To do: Exactly the lines from the opening of the records through the line containing "две пары в покере на столе" should be copied, with both included.

(Data items)

▼

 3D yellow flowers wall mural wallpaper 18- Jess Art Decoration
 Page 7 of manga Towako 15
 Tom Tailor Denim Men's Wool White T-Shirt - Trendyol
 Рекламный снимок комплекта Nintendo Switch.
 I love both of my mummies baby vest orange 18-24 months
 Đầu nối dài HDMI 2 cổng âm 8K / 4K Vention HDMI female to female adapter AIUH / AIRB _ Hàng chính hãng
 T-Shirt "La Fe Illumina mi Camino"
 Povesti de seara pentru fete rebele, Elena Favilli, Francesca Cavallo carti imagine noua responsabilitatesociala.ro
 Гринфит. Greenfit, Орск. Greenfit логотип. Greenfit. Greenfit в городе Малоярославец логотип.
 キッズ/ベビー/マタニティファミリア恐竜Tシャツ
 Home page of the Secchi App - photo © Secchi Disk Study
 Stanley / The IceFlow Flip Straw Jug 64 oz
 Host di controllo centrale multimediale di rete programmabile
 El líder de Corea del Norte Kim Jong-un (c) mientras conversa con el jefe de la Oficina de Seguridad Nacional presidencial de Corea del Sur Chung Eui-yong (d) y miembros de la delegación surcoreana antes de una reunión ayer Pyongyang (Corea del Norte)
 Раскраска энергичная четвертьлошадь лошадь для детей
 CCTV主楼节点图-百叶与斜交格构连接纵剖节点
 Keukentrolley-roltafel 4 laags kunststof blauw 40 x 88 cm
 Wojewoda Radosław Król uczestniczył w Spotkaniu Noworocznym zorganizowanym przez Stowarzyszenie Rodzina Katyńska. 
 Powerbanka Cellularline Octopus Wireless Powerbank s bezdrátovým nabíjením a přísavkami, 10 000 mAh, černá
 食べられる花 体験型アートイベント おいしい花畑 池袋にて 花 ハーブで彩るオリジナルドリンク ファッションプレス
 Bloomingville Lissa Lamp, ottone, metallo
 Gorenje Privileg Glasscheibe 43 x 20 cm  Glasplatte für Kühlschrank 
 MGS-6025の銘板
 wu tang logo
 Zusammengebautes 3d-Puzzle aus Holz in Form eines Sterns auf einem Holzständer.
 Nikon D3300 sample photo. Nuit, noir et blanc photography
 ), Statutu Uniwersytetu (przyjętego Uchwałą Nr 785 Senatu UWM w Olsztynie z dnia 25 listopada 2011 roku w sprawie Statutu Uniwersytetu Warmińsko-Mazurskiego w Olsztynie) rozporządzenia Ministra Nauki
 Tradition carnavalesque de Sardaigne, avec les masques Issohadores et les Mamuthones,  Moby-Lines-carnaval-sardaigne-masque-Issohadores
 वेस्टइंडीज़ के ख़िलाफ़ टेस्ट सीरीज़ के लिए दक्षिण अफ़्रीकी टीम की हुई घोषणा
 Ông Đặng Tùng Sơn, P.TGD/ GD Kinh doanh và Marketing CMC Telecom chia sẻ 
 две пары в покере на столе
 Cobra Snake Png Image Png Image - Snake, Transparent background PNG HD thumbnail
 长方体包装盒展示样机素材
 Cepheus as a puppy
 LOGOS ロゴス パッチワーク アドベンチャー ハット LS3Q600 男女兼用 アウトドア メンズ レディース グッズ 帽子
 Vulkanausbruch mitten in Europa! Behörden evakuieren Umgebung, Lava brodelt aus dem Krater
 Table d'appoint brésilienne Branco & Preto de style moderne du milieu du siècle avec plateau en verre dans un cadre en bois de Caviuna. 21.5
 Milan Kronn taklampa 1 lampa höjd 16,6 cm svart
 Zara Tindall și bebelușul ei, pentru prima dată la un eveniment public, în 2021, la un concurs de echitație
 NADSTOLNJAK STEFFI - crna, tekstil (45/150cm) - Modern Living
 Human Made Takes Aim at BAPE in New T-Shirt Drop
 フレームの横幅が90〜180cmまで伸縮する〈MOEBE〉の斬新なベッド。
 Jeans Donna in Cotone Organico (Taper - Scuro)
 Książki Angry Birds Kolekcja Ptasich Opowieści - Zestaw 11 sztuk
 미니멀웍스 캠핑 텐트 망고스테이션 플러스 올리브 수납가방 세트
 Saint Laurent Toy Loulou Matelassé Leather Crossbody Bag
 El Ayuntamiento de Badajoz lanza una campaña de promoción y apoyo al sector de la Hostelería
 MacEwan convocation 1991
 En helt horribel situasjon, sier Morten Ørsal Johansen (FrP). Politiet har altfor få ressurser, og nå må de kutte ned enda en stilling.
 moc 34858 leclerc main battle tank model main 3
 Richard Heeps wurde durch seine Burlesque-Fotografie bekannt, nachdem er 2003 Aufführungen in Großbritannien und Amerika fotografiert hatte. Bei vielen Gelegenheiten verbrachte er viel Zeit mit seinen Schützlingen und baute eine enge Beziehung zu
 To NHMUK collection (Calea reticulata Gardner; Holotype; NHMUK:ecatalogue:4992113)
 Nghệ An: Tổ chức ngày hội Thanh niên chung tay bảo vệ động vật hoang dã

▲

Output for this exercise:
 3D yellow flowers wall mural wallpaper 18- Jess Art Decoration
 Page 7 of manga Towako 15
 Tom Tailor Denim Men's Wool White T-Shirt - Trendyol
 Рекламный снимок комплекта Nintendo Switch.
 I love both of my mummies baby vest orange 18-24 months
 Đầu nối dài HDMI 2 cổng âm 8K / 4K Vention HDMI female to female adapter AIUH / AIRB _ Hàng chính hãng
 T-Shirt "La Fe Illumina mi Camino"
 Povesti de seara pentru fete rebele, Elena Favilli, Francesca Cavallo carti imagine noua responsabilitatesociala.ro
 Гринфит. Greenfit, Орск. Greenfit логотип. Greenfit. Greenfit в городе Малоярославец логотип.
 キッズ/ベビー/マタニティファミリア恐竜Tシャツ
 Home page of the Secchi App - photo © Secchi Disk Study
 Stanley / The IceFlow Flip Straw Jug 64 oz
 Host di controllo centrale multimediale di rete programmabile
 El líder de Corea del Norte Kim Jong-un (c) mientras conversa con el jefe de la Oficina de Seguridad Nacional presidencial de Corea del Sur Chung Eui-yong (d) y miembros de la delegación surcoreana antes de una reunión ayer Pyongyang (Corea del Norte)
 Раскраска энергичная четвертьлошадь лошадь для детей
 CCTV主楼节点图-百叶与斜交格构连接纵剖节点
 Keukentrolley-roltafel 4 laags kunststof blauw 40 x 88 cm
 Wojewoda Radosław Król uczestniczył w Spotkaniu Noworocznym zorganizowanym przez Stowarzyszenie Rodzina Katyńska. 
 Powerbanka Cellularline Octopus Wireless Powerbank s bezdrátovým nabíjením a přísavkami, 10 000 mAh, černá
 食べられる花 体験型アートイベント おいしい花畑 池袋にて 花 ハーブで彩るオリジナルドリンク ファッションプレス
 Bloomingville Lissa Lamp, ottone, metallo
 Gorenje Privileg Glasscheibe 43 x 20 cm  Glasplatte für Kühlschrank 
 MGS-6025の銘板
 wu tang logo
 Zusammengebautes 3d-Puzzle aus Holz in Form eines Sterns auf einem Holzständer.
 Nikon D3300 sample photo. Nuit, noir et blanc photography
 ), Statutu Uniwersytetu (przyjętego Uchwałą Nr 785 Senatu UWM w Olsztynie z dnia 25 listopada 2011 roku w sprawie Statutu Uniwersytetu Warmińsko-Mazurskiego w Olsztynie) rozporządzenia Ministra Nauki
 Tradition carnavalesque de Sardaigne, avec les masques Issohadores et les Mamuthones,  Moby-Lines-carnaval-sardaigne-masque-Issohadores
 वेस्टइंडीज़ के ख़िलाफ़ टेस्ट सीरीज़ के लिए दक्षिण अफ़्रीकी टीम की हुई घोषणा
 Ông Đặng Tùng Sơn, P.TGD/ GD Kinh doanh và Marketing CMC Telecom chia sẻ 
 две пары в покере на столе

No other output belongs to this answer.